Does the HTML source code of news websites include any special or distinctive HTML tag or HTML tag attribute that indicates something like "Hey there! This website is primarily about news and is part of the mass media!"?

Thanks. 2A10:8012:17:CDC6:D066:AC47:1958:9121 (talk) 20:16, 10 May 2023 (UTC)[reply]

They will typically have meta tags for description and keywords identifying themselves as news sources. For example, for The New York Times, their website www.nytimes.com has (slightly simplified), <meta name="description" content="Live news, investigations, opinion, photos and video by the journalists of The New York Times from more than 150 countries around the world. Subscribe for coverage of U.S. and international news, politics, business, technology, science, health, arts, sports and more."/>  and  <meta name="keywords" content="news, live updates, latest news, breaking news, local news, current events, top stories, livestream, live video, world news, us news"/>. For the BBC at www.bbc.com we find, more concisely, <meta name="description" content="Breaking news, sport, TV, radio and a whole lot more. The BBC informs, educates and entertains - wherever you are, whatever your age."/>  and  <meta name="keywords" content="BBC, bbc.co.uk, bbc.com, Search, British Broadcasting Corporation, BBC iPlayer, BBCi"/>. None of this is standardized, and nothing prevents Joe Shmoe from Podunk to set up a website advertizing itself as the go to place for in-depth reporting of the latest news from all over the world.  --Lambiam 12:01, 11 May 2023 (UTC)[reply]

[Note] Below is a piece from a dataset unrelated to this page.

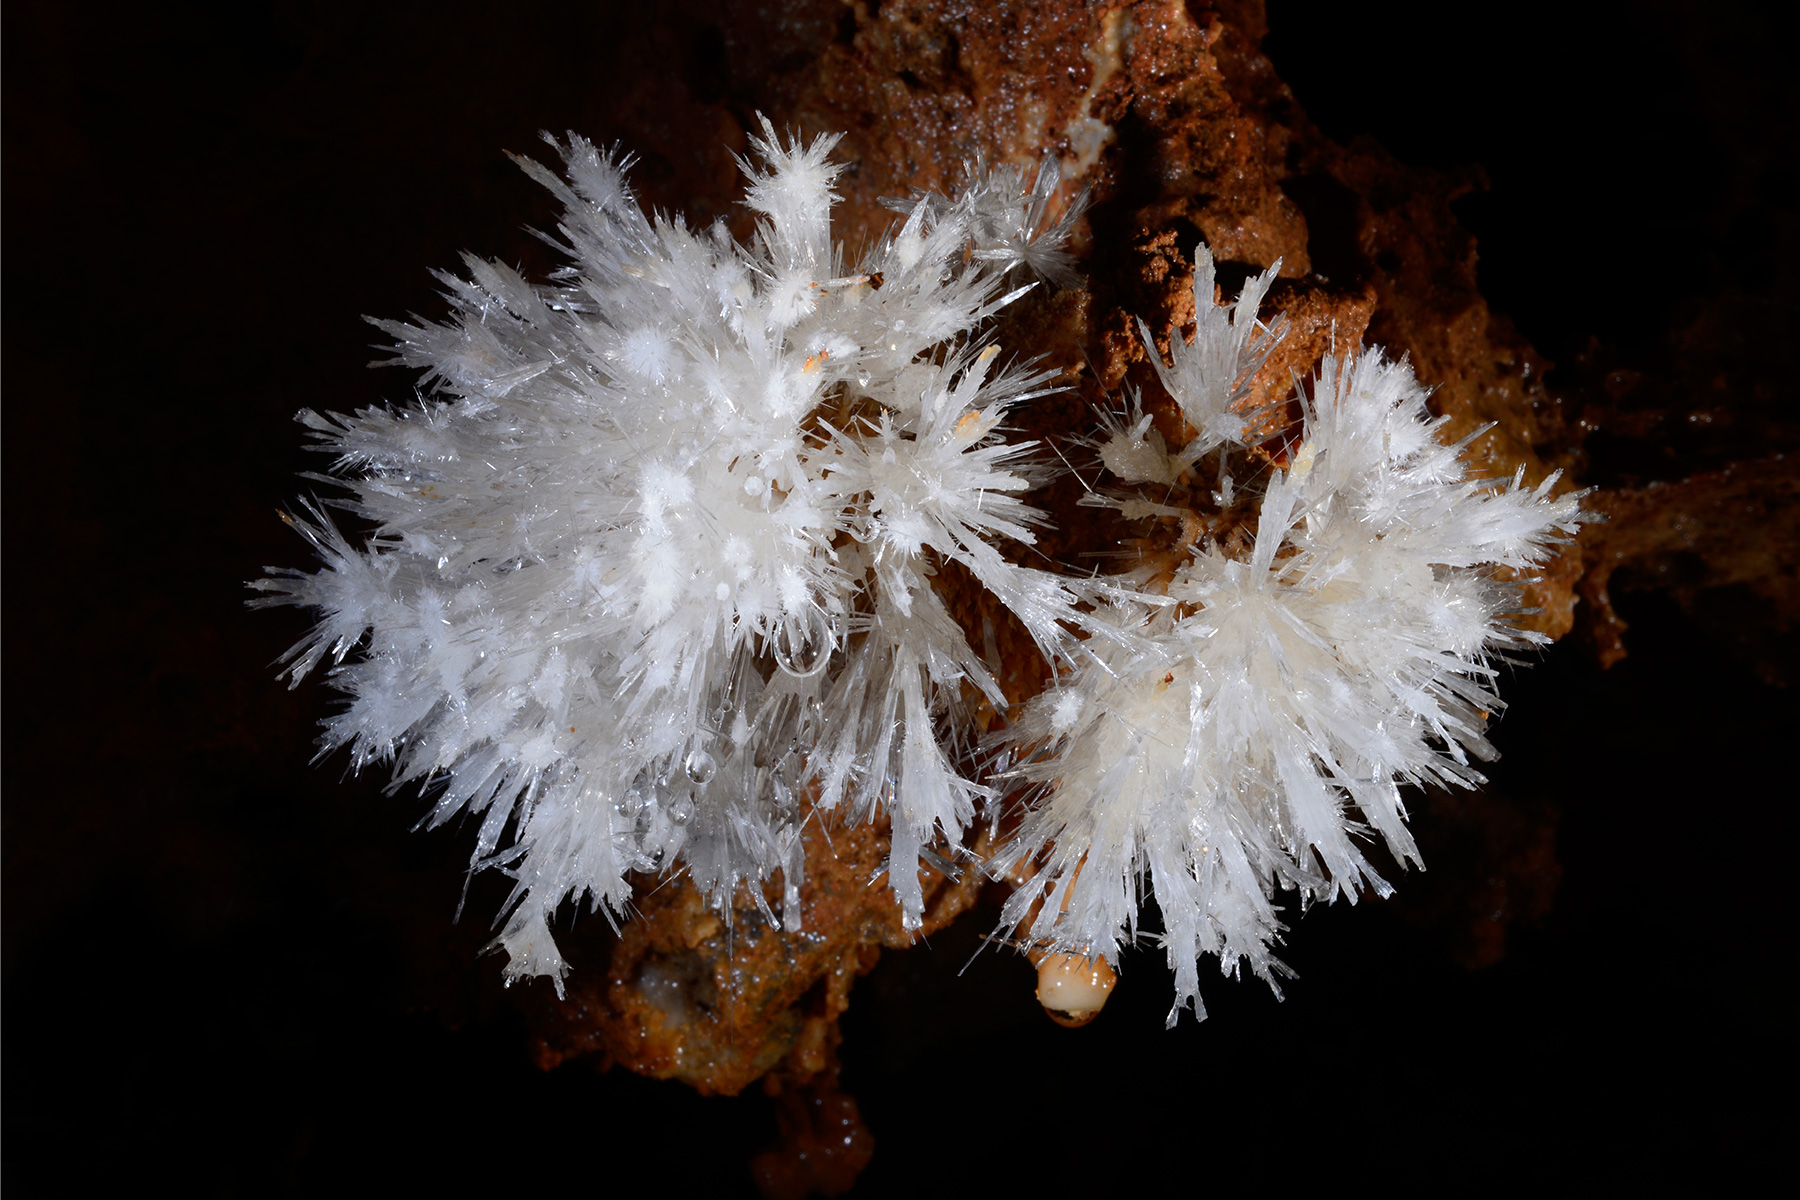 Grotte de Clamouse - Petits bouquets d'aiguilles d'aragonite sur une paroi argileuse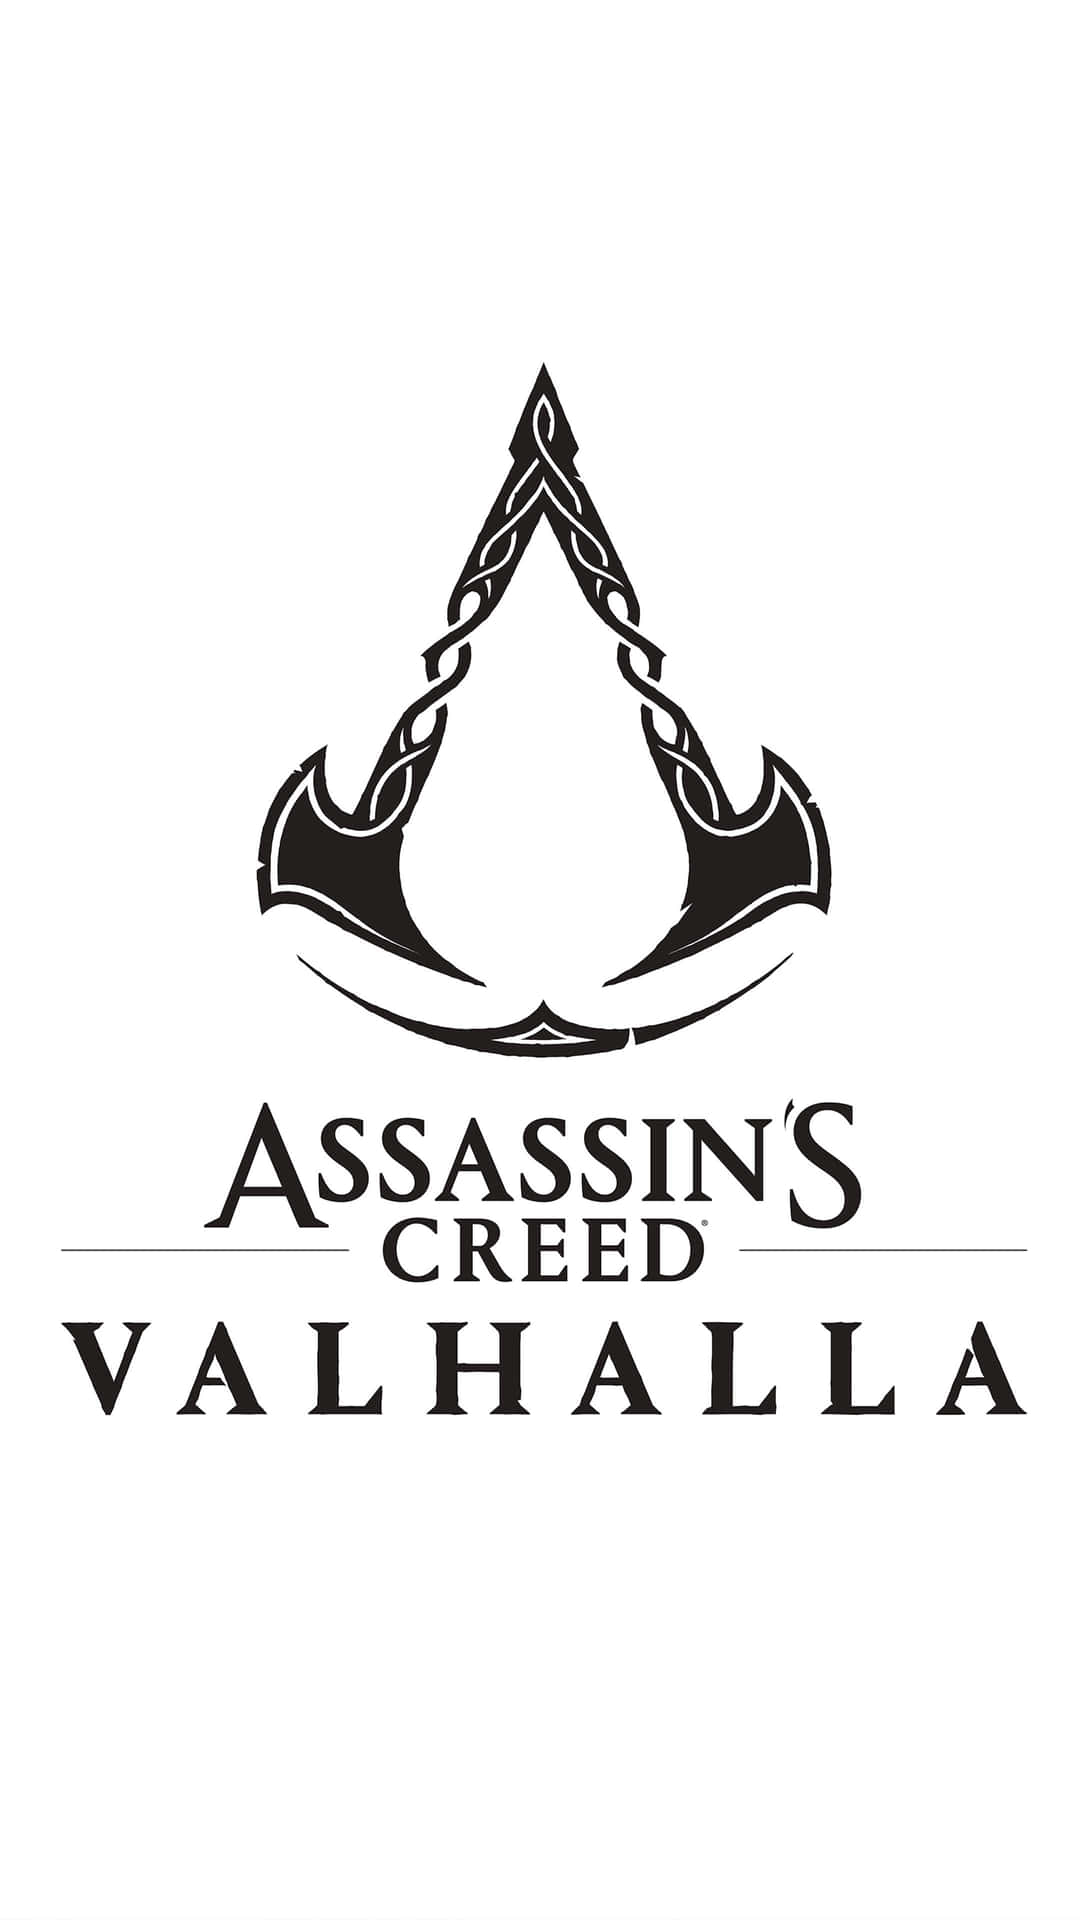 4kbakgrundsbild För Assassin's Creed Valhalla-speltecknet.

Thanks. 2A10:8012:17:CDC6:79FB:4D40:EB68:7253 (talk) 00:11, 12 May 2023 (UTC)[reply]
Detecting whether a website is a "News" website based solely on the HTML source code can be challenging and not always reliable. While some news websites may include specific HTML tags or attributes indicating their nature, there is no standardized or universal tag that all news websites must use.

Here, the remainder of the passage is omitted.